Im Lande des Blutes und der Tränen is the original title of the book which Jakob Künzler, a Swiss doctor and humanitarian, wrote during a brief vacation he took in Switzerland in 1919-1920 from his deployment in east Anatolia. His account is noteworthy, and even unique, for a number of reasons. First, the author was a neutral observer, "neutral" not only because his country was not among the belligerents in the First World War, but also because he was simply a humanitarian aid worker, a doctor who had heeded the call to lend assistance to his fellow man in a very distant land. His account is also of crucial historical significance, in that Künzler, in order to fulfill his mission, had to entertain cordial relations with the Turkish authorities; as a result, he was inadvertently privy to discussions among them, which document the fact (disputed by the Turkish side) that the mass deaths among Armenians were indeed the result of a conscious, premeditated policy of extermination. Künzler’s account is furthermore precious because it is a first-hand report. The great German pastor, doctor and humanitarian worker Johannes Lepsius compiled the first comprehensive report on the genocide, but it was based on stories he pulled together from numerous eye-witnesses, from his station in Constantinople, since he had not been allowed to travel inland during the massacres.(1) Kuenzler, on the other hand, was located in Urfa, a transit point for the deportations. He saw with his own eyes, how the extermination policy was ruthlessly implemented. He not only witnessed the events, but was actively involved in lending aid to the victims. His valiant effort to take 8,000 Armenian orphans to safety earned him the name of “Papa Kuenzler.” In the course of his work, he also bore testimony to the fact that many Turkish citizens intervened spontaneously to save Armenians, especially children. This was a decisive factor in his pursuit of reconciliation. His groundbreaking proposal for reconciliation, published in 1928, is included in the new English volume.

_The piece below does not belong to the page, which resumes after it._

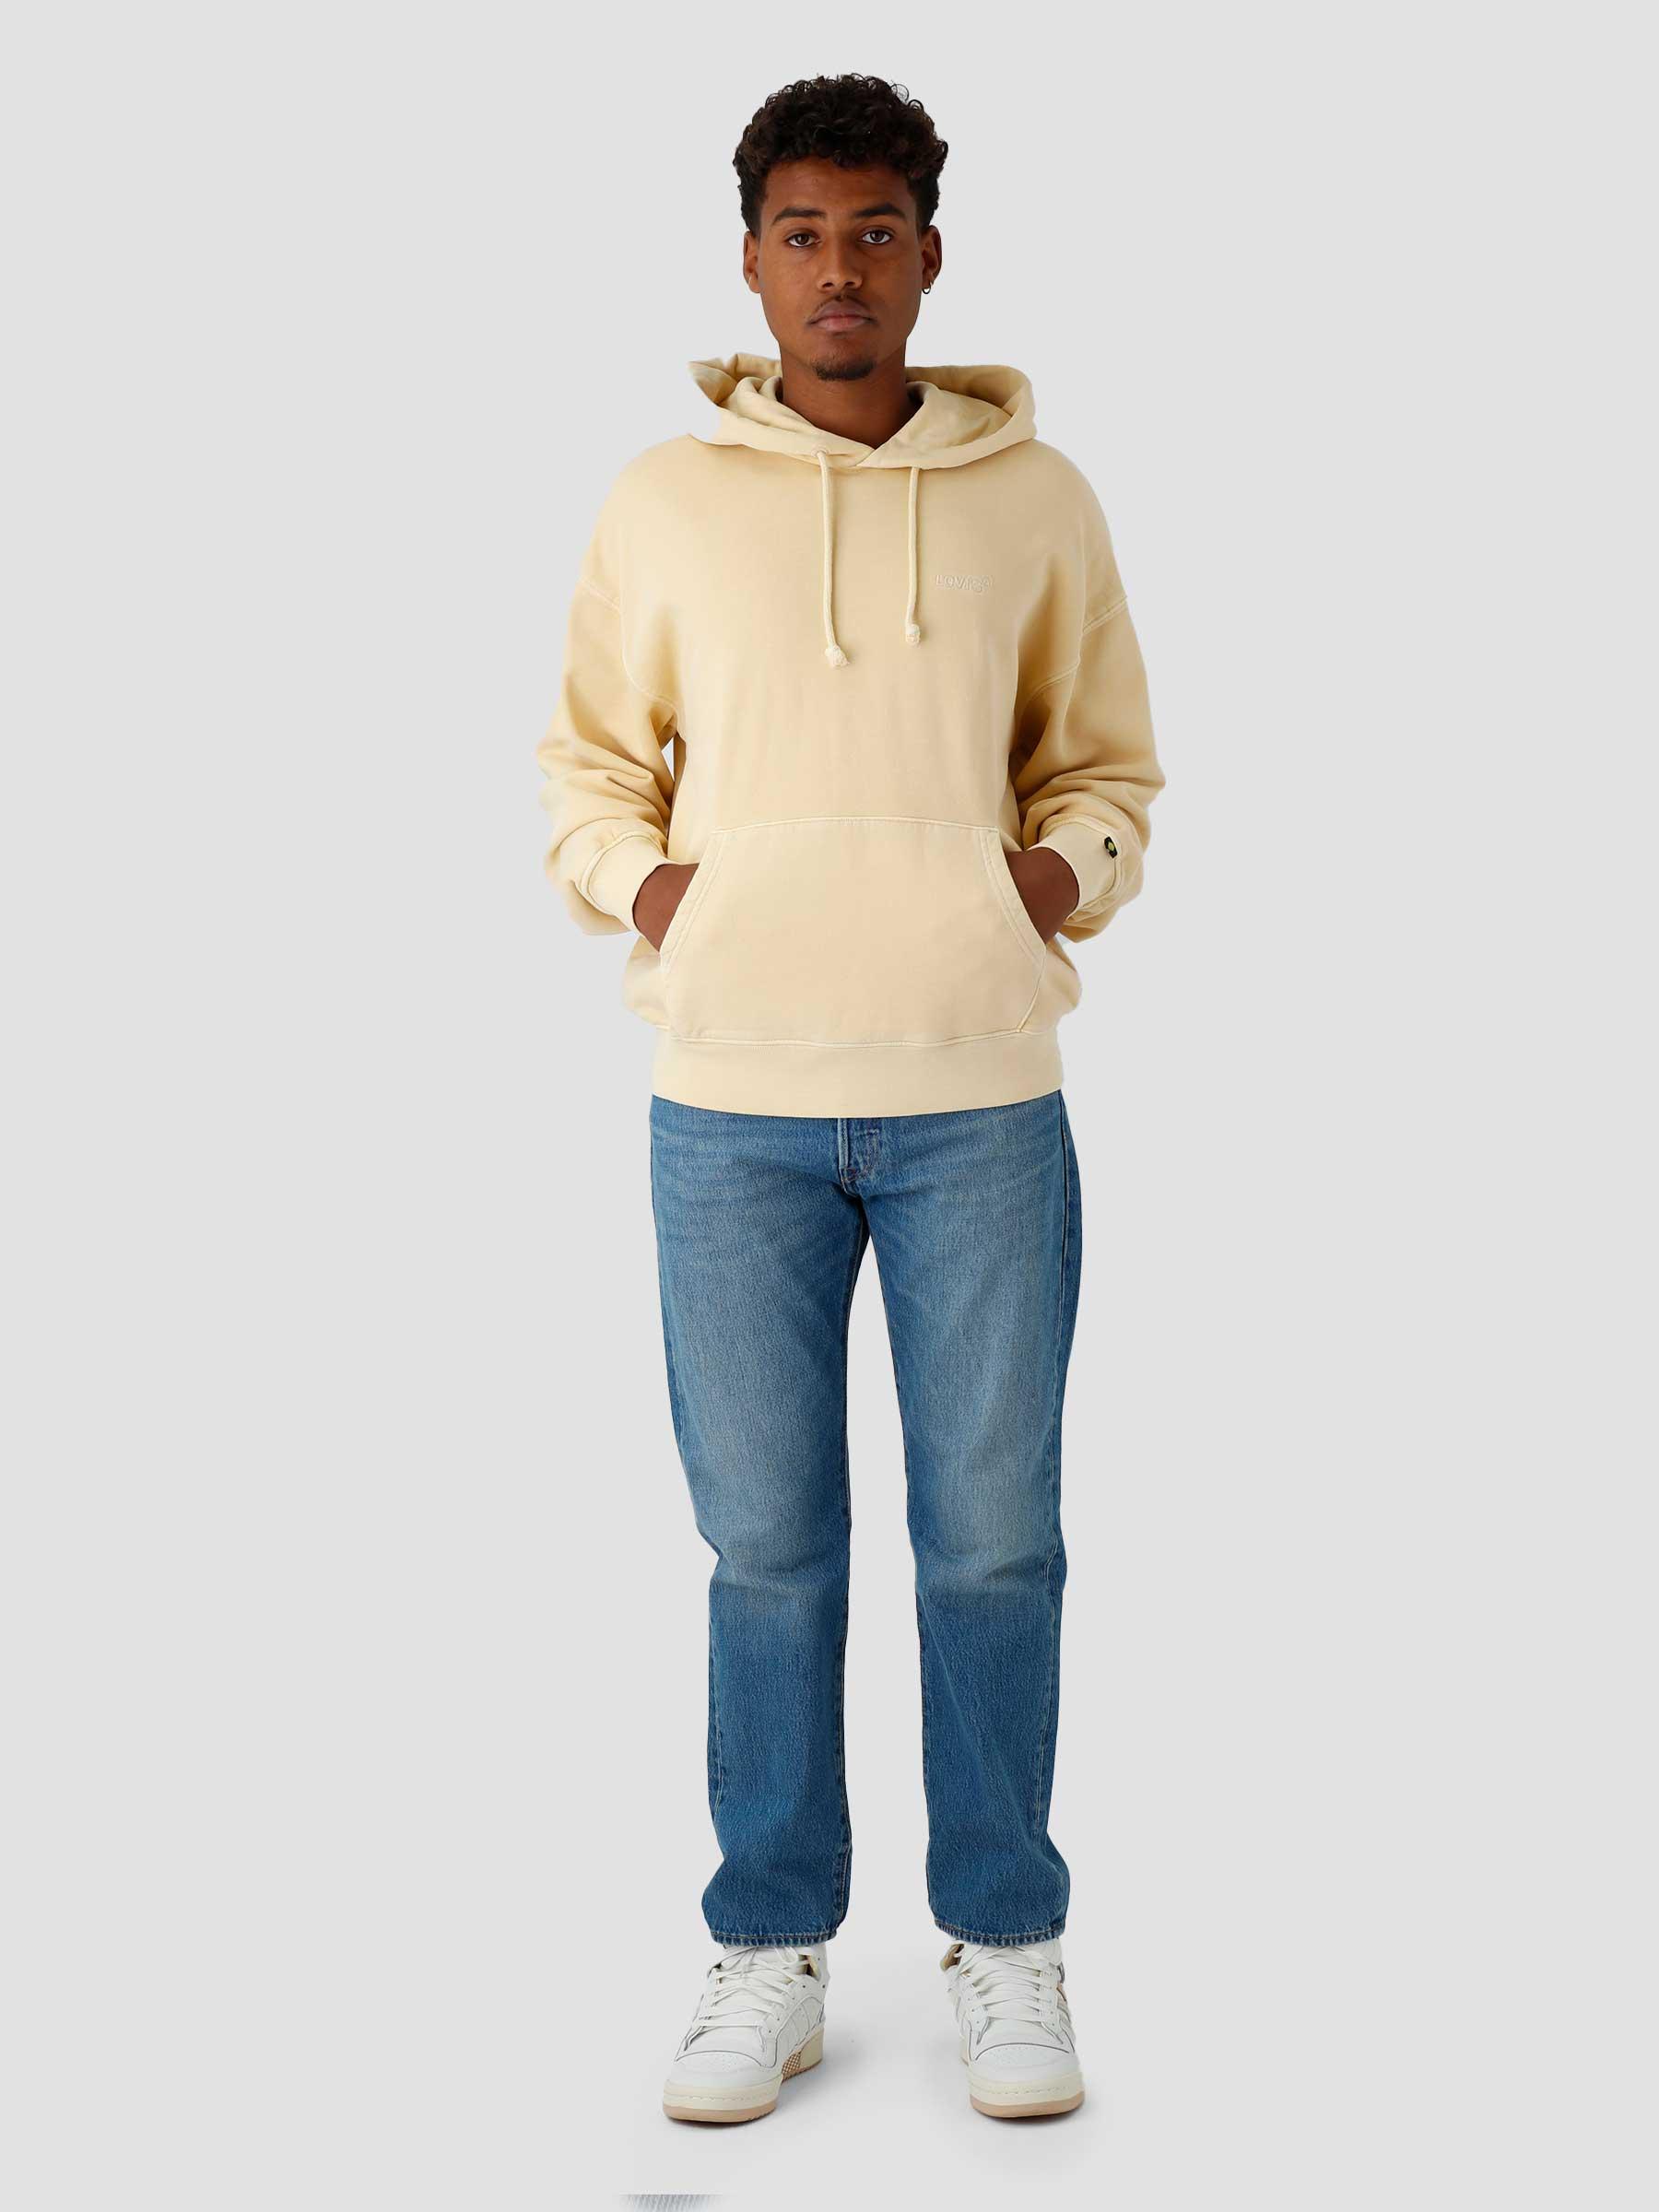 Red Tab Sweats Hoodie Yellow Plum Fp S Green A0747-0029
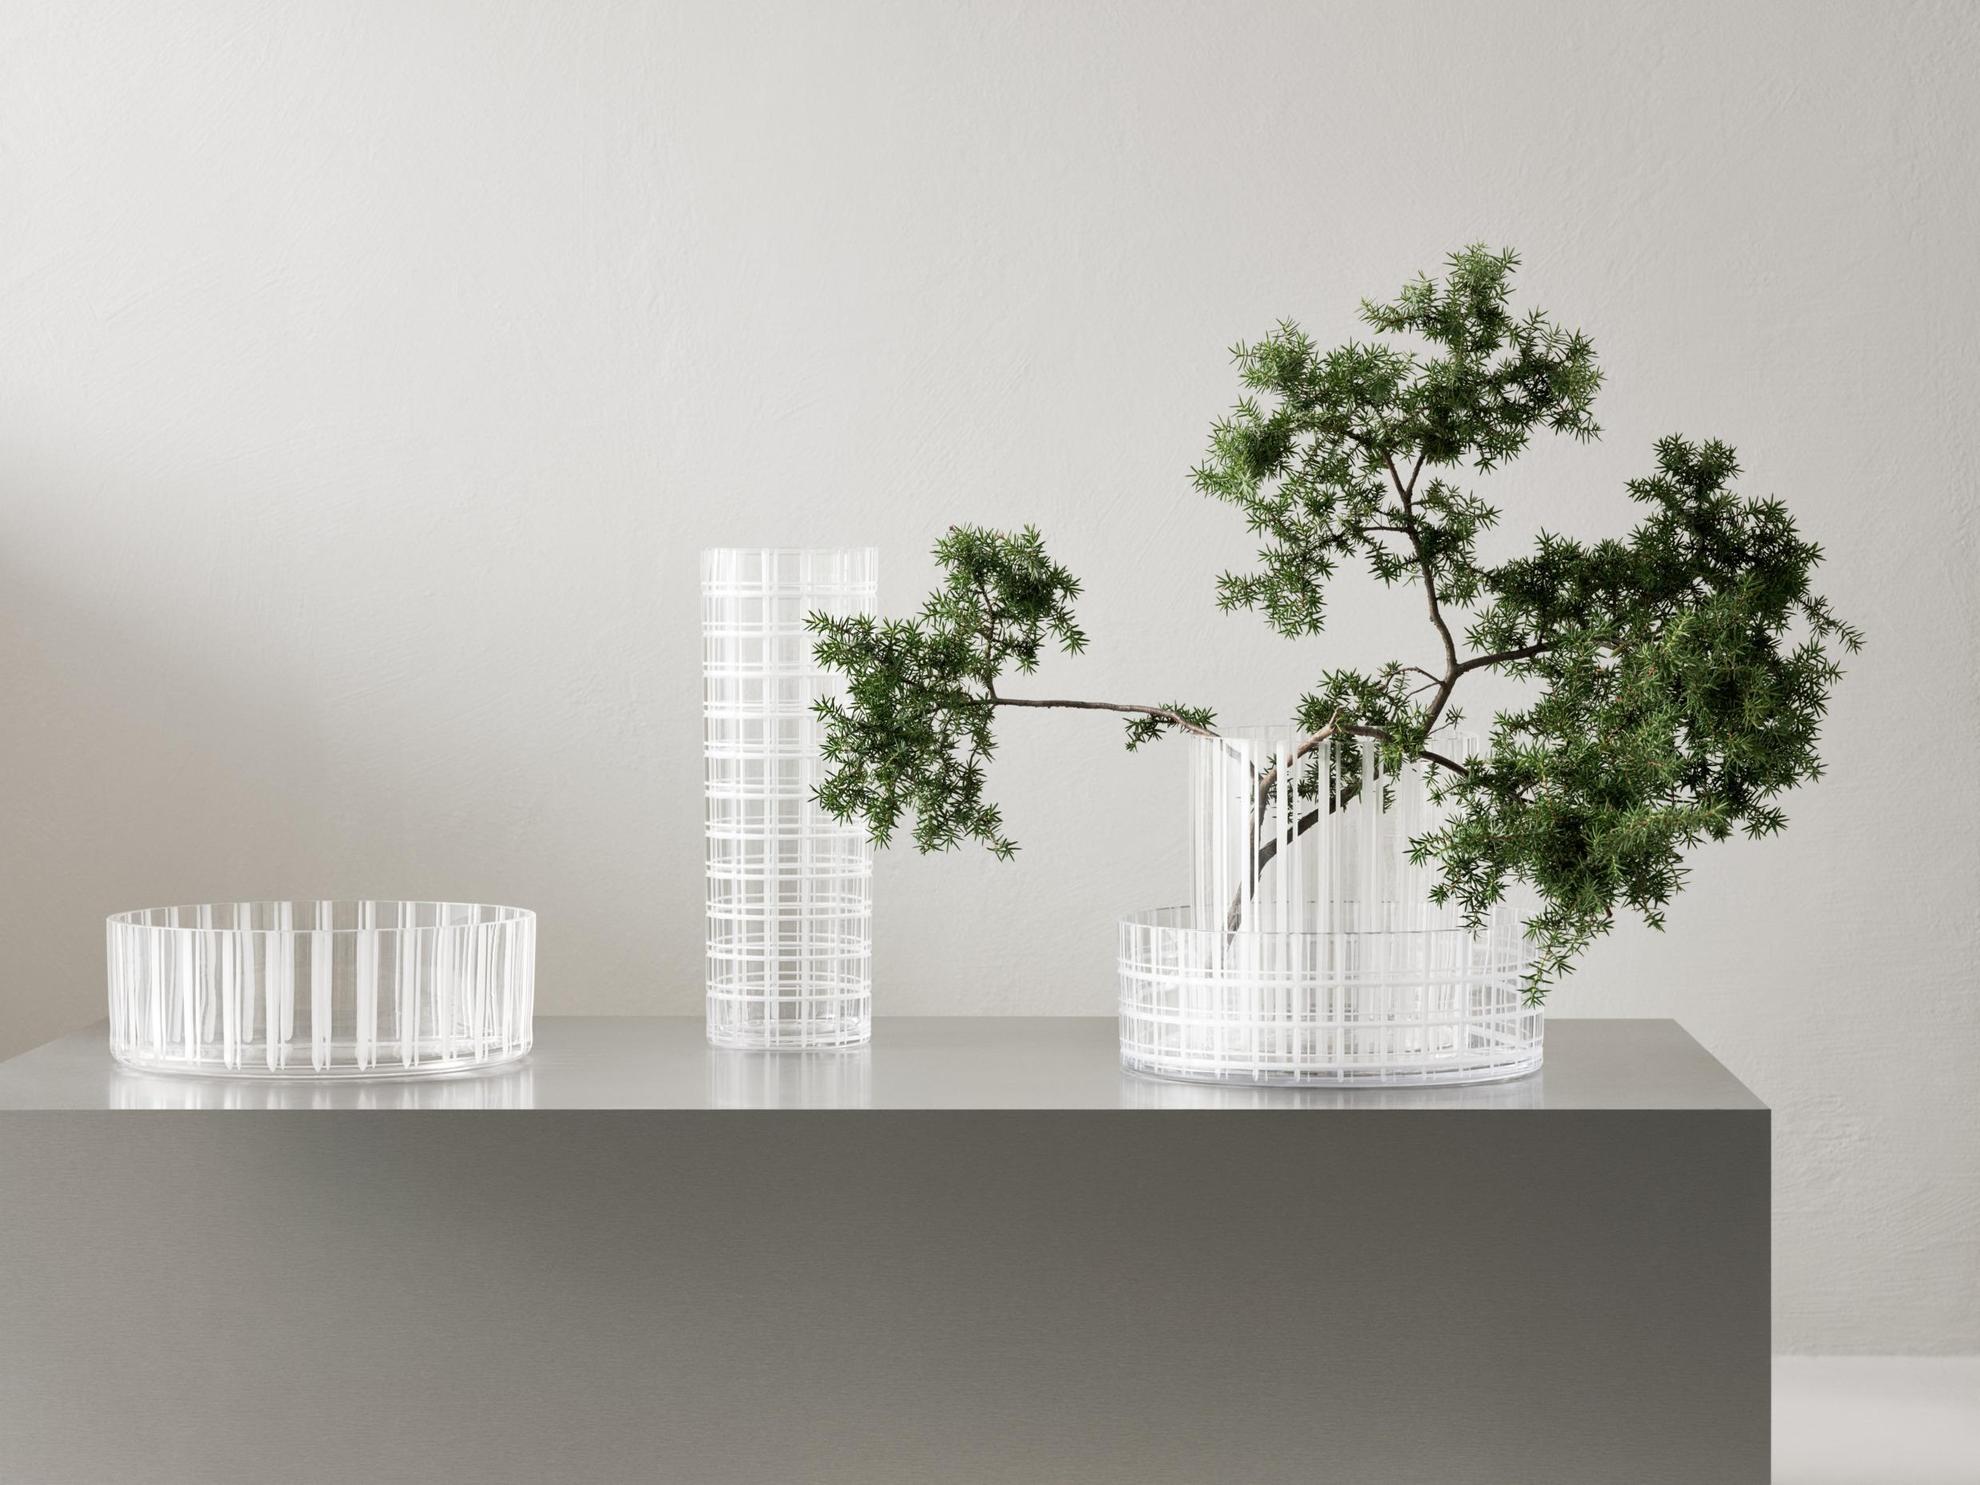 Four transparent vases with white stripes on a grey box. One vase has a small tree branch in it.

Significantly, Jakob Künzler was himself an orphan. As his last surviving child, Elibet Künzler Marshall, noted in remarks at the book launch, Künzler had lost both parents by the tender age of 11. His wife had also become an orphan at 7. Künzler had been particularly moved by accounts he had read of the Hamidian massacres of Armenians in the 1890s, especially the horrendous, so-called twin massacres in Urfa on December 28 and 29, 1895, when 8,000 perished. As Dr. Vahakn N. Dadrian, director of the Zoryan Institute and the leading expert on the Armenian Genocide reported in his contribution to the book, on that December 29, an estimated 2,500 Armenians had taken refuge in the Urfa cathedral. Thirty cans of kerosene were thrown into the building which was then set afire. All those within were incinerated. In the overall carnage in Urfa those two days, an estimated 9,000 or 10,000 were killed, half the Armenian population in the city.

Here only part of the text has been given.